Приезд городской Зойки внезапно вернул меня к реальности и отрезвил, на многое раскрыл мне глаза. Например, на то, что Скрипа — врет. Врет отчаянно, подло вселяя в людей пустую надежду. Я сказал ему об этом. Сказал, что нет никакого дома, что если бы он был, то мы все уже давно сидели бы там. Что нет никакой библиотеки и винтовой лестницы, нет контейнеров с мебелью и прибора, создающего из воздуха бананы. Что не пропускают какие-то мифические суды просто потому, что неохота ехать. Что несостыковки в его историях — это не рассеянность, а целенаправленное вранье, подлое особенно тем, что разрушает веру в человечество. Скрипа особо не сопротивлялся. Я ожидал, что он начнет оправдываться, говорить, что он подарил нам мечту, но он даже этого не сделал. Он сказал тихо:
— Ты прав. Я — ничтожество.
Компанию покинули мы по-английски, пробормотав что-то про «холодно». И пошли в Графскую греться.
2 ноября, понедельник
Приехал Пуля и сразу же начал ставить из бочки печку. Делал все быстро и деловито. Когда уеду, Пуля поселится здесь.

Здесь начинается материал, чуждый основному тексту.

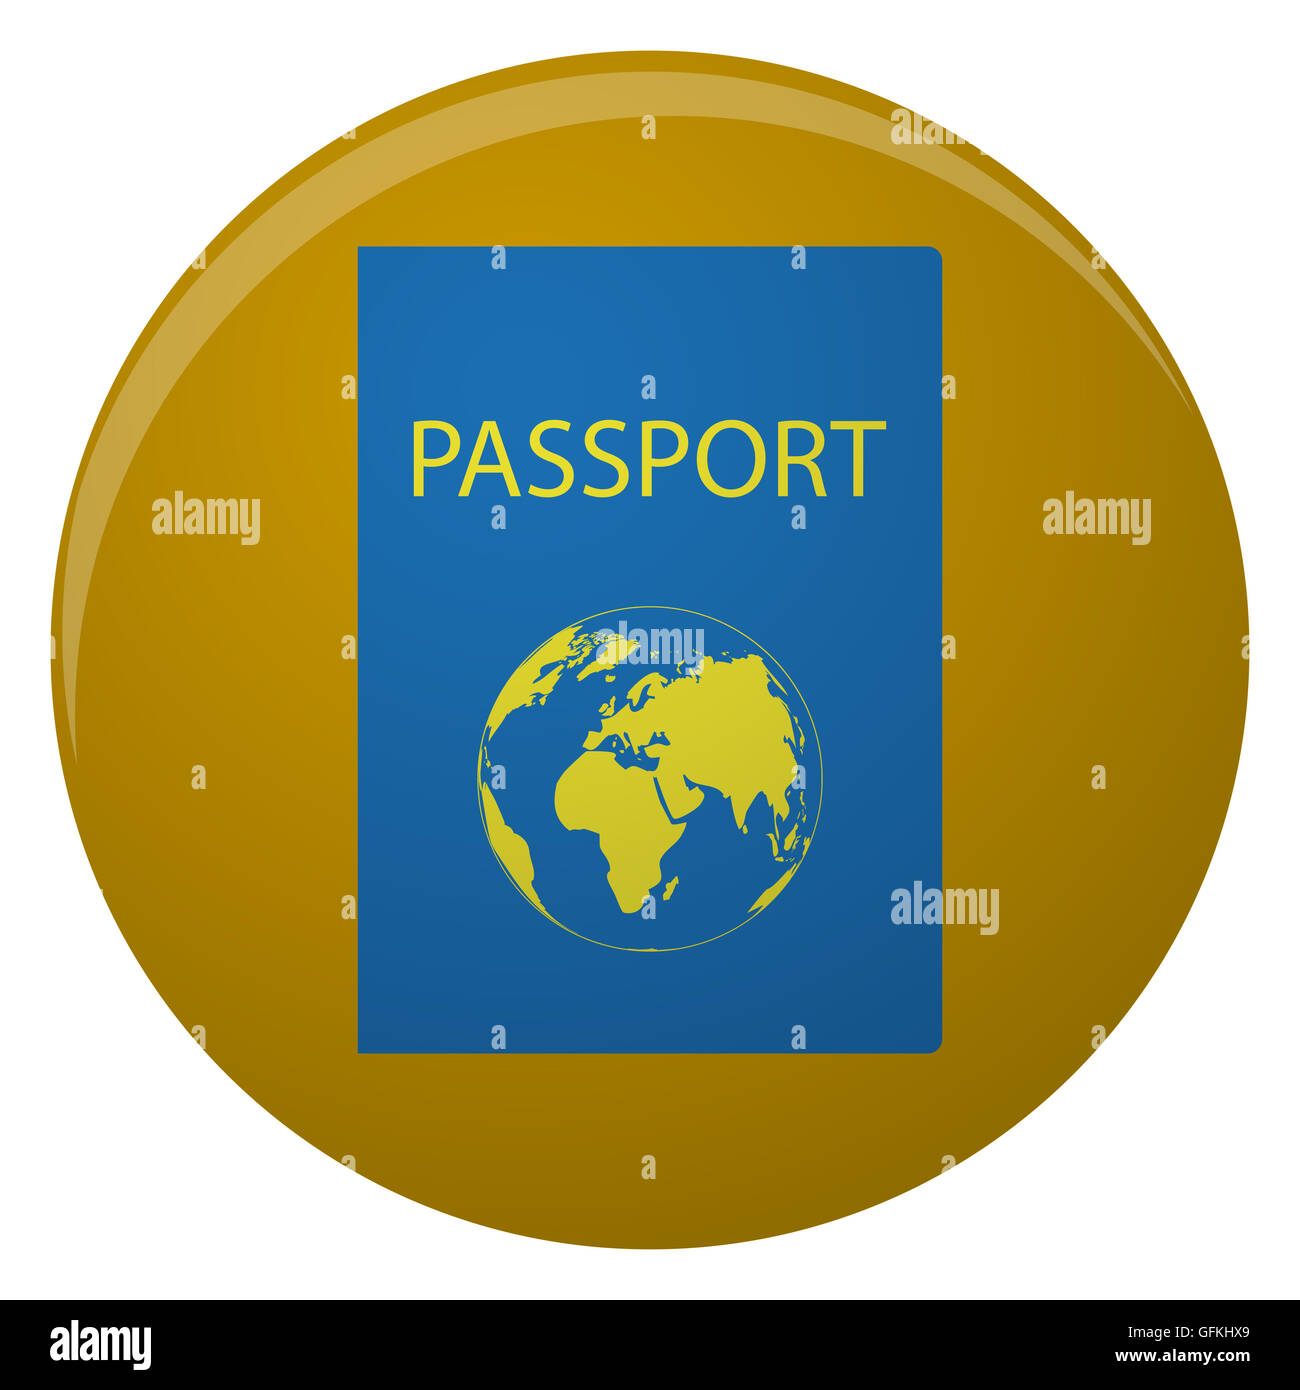 Reisepass-Symbol mit goldenen Weltkarte. Reisepass für Reise- und Identitätsdokumente Person, juristisches Dokument Identifikation, Vektor-illustration Stockfoto

Надо собраться с силами и уехать. Но мне не хватает немого указания, толчка для принятия решения. Не могу понять — гора хочет, чтобы я остался или убрался наконец отсюда? Самому что-либо предпринимать бессмысленно: если мне не дозволено отсюда уйти, я просто не смогу этого сделать.
Зачем мне показывали всё, что я видел? Подземный город с колоколом, призраки, «дирижабль»? Зачем говорили со мной, спасали, помогали? Перевернули незаметно мозг, сделали другим человеком — зачем? Что я должен теперь, что-то отдать? Чем-то пожертвовать, умереть здесь или возвращаться снова и снова?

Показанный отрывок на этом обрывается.